Presumably—although Cobain doesn’t say so—the MI5 document and German letter were part of the same effort that led to the compilation of the document described by Cobain.

I’d like to know how this effort is related to the Proliferation Security Initiative (PSI) efforts to “develop and share national analyses of key proliferation actors and networks, their financing sources, and other support structures …” (more)

Comments

  1. JS Narins (History)

    Although I certainly know who Udo Ulfkotte is, there might be someone reading your blog who doesn’t know, but who is to shy to ask “Who is Dr Udo Ulfkotte?”

    [I added a link … ACW]

  2. David Isenberg (History)

    Not very impresive. To explain why I have embedded my comments in brackets [ ] below. They refer to various passages of the text, which I have not included, but you can easily figure it out by reading the article.

    [How do we know Iran has been successful? Below the article states, “The assessment declares that Iran has developed an extensive web of front companies, official bodies, academic institutes and middlemen dedicated to obtaining – in western Europe and in the former Soviet Union – the expertise, training, and equipment for nuclear programmes, missile development, and biological and chemical weapons arsenals.” Developing a network and successfully obtaining are two different things.

    Plus, Iran long ago developed networks of front companies to enable it to supply its conventional forces, dating back to the war with Iraq, after the overthrow of the Shah. One thing about a black market network is that it is ecumenical, it will work on fulfilling whatever order comes its way. It doesn’t necessarily mean it will be successful.

    Besides, haven’t all the rightwingers been saying for a couple of years now that Iran already has everything it needs to make nuclear weapons? If this article is to be believed then the conventional wisdowm is wrong, which means, of course, as you already realize, that this assessment could be wrong also.

    [Import requests and acquisitions are not the same thing. How much of one and how much of the other were actually gained or registered? Even if something was actually procured can we be sure it was actually going to to a nuclear weapons program or associated missile? Perhaps it was a dual purpose item and someone is assuming it would go to a nuclear program.]

    [Only 55pp, for an assessment covering Syria, Pakistan, North Korea, and possibly other countries/regions, as well as Iran? Doesn’t sound that detailed to me.]

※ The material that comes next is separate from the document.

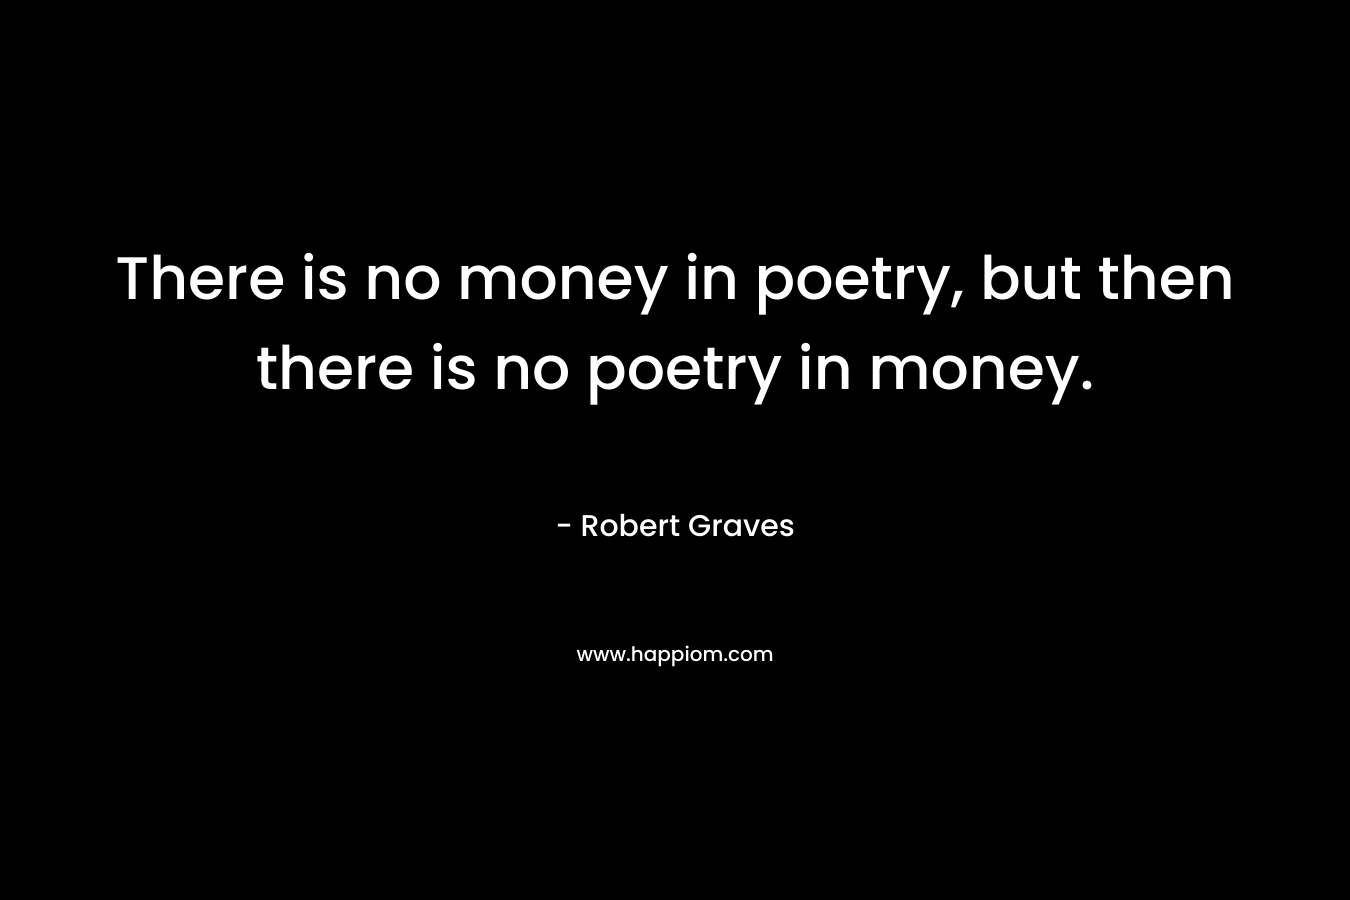 There is no money in poetry, but then there is no poetry in money. – Robert Graves

    [Exactly. The west is frustrated that it has not been able to rein the Iranian program in, so why not leak a report intimating scary things re the Iranian nuclear program?]

    [Expertise, training and eqpt. for biological weapons? A lot easier said than done. If Iraq showed us anything it is that developing usable biological weapons was a lot harder than anybody thought.]

    [And why wouldn’t it? It’s military is woefully inadequate, despite all the publicity about its modernization. Just look at the cargo planes that crashed last year].

    [Are they all involved in the overseas network, or are some of them just doing research, like any other company in the world, that is part of a military industrial complex?]

    [And so what? Does anyone seriously think that Iran is going to nuke a European country? The worst you can say is that Iran seeks to prevent the Europeans from joining in a military coalition that would attack, or worst case, invade, Iran. Paranoid, you say? There were probably some Iraqis who felt the same prior to 2003.]